A few miles in she saw a man with a felt hat and overcoat in the middle of the road shaking his finger at her as she passed.
Then, she heard the sound of leather shoes and knew something was wrong.
She wrote in her memoir:
“Instinctively I jerked my head around quickly and looked square into the most vicious face I’d ever seen. A big man, a huge man, with bared teeth was set to pounce, and before I could react he grabbed my shoulder and flung me back, screaming, ‘Get the hell out of my race and give me those numbers!'”
It took a body block from her boyfriend to knock the official off the course.
Afterward, Boston Athletic Association director Will Cloney was asked his opinion of Switzer competing in the race.
Cloney said (about a 20-year old!)
“Women can’t run in the Marathon because the rules forbid it. Unless we have rules, society will be in chaos. I don’t make the rules, but I try to carry them out. We have no space in the Marathon for any unauthorized person, even a man. If that girl were my daughter, I would spank her.”

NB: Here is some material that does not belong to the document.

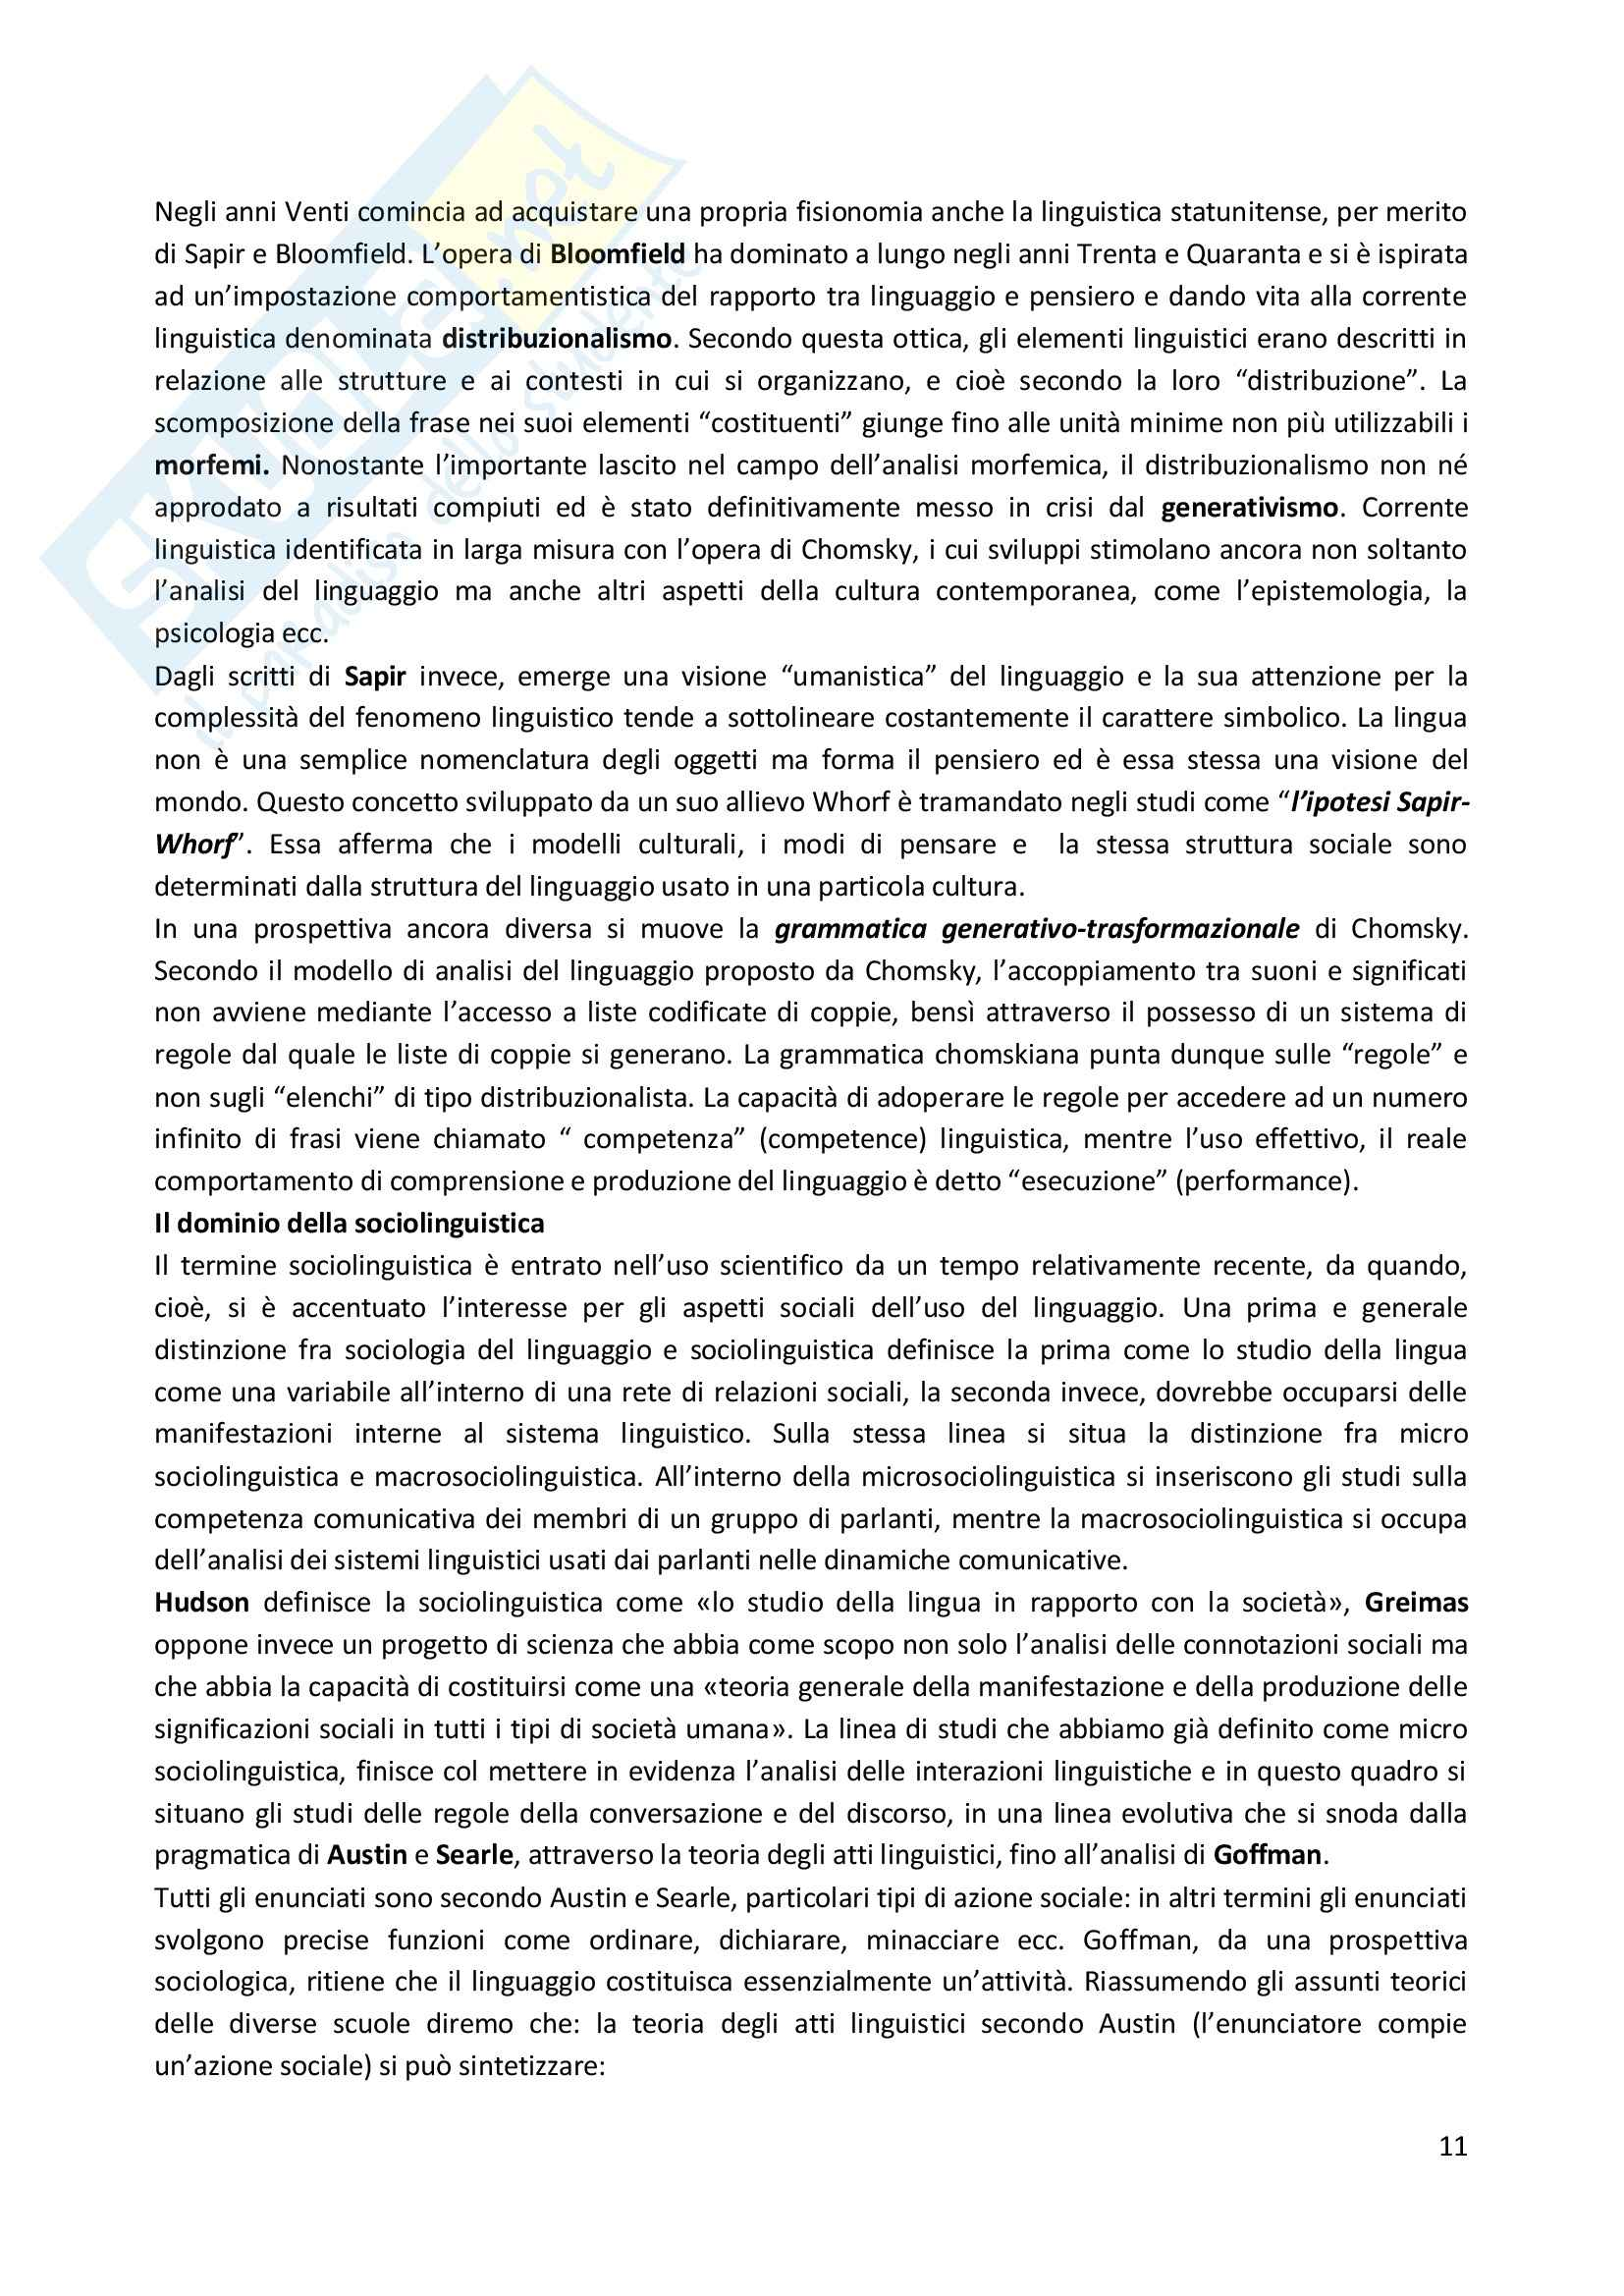 Lezioni, Scienze della comunicazione Pag. 11

Over the years, Switzer has competed in more than 30 marathons, winning New York in 1974 in 3:07:29, and has worked as a television commentator.
She is the founder of 261 Fearless, a running club for women. The name comes from the number she wore in 1967.
It was retired after Monday’s Boston Marathon— just the second number that the marathon has retired.
Middle Name: Boston
Running the Boston Marathon was on Julie McGivery’s bucket list.
Crossing the finish line while 8 months pregnant was probably not the way she had planned to do it!
McGivery said it was a bittersweet moment when she found out she was pregnant with her second child on the same day she received her official acceptance letter to the Boston Marathon.
She said:
‘I can’t count how many times people yelled out, ‘Go Mama,’ or, ‘You’re my inspiration, you’re my hero.’ So it was certainly motivating to keep going.’
McGivery and her husband don’t yet know if they’re having a boy or a girl, but she said they have settled on a middle name.
“My husband has agreed that, maybe, the child’s middle name can be Boston, so that someday they’ll say, ‘Why is this my middle name?’ and I can tell them the story.”